"""

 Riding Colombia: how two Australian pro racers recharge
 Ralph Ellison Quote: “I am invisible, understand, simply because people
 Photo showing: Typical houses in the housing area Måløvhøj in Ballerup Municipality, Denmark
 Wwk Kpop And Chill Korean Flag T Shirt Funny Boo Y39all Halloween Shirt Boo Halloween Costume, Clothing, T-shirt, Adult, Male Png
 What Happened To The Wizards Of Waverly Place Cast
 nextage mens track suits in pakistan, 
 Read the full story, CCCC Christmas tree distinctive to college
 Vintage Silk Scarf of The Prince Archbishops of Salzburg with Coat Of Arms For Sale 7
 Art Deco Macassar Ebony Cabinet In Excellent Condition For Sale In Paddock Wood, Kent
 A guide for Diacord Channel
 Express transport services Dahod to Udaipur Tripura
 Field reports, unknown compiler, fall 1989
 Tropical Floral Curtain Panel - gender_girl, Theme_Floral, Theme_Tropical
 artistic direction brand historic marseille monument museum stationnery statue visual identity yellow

"""

### DIRECTIONS
In the listing above, find the line with "Art Deco Macassar" and the line with "Field reports, unknown compiler, fall 1989", then print exactly those lines and every line between them.

### RESPONSE AREA
 Art Deco Macassar Ebony Cabinet In Excellent Condition For Sale In Paddock Wood, Kent
 A guide for Diacord Channel
 Express transport services Dahod to Udaipur Tripura
 Field reports, unknown compiler, fall 1989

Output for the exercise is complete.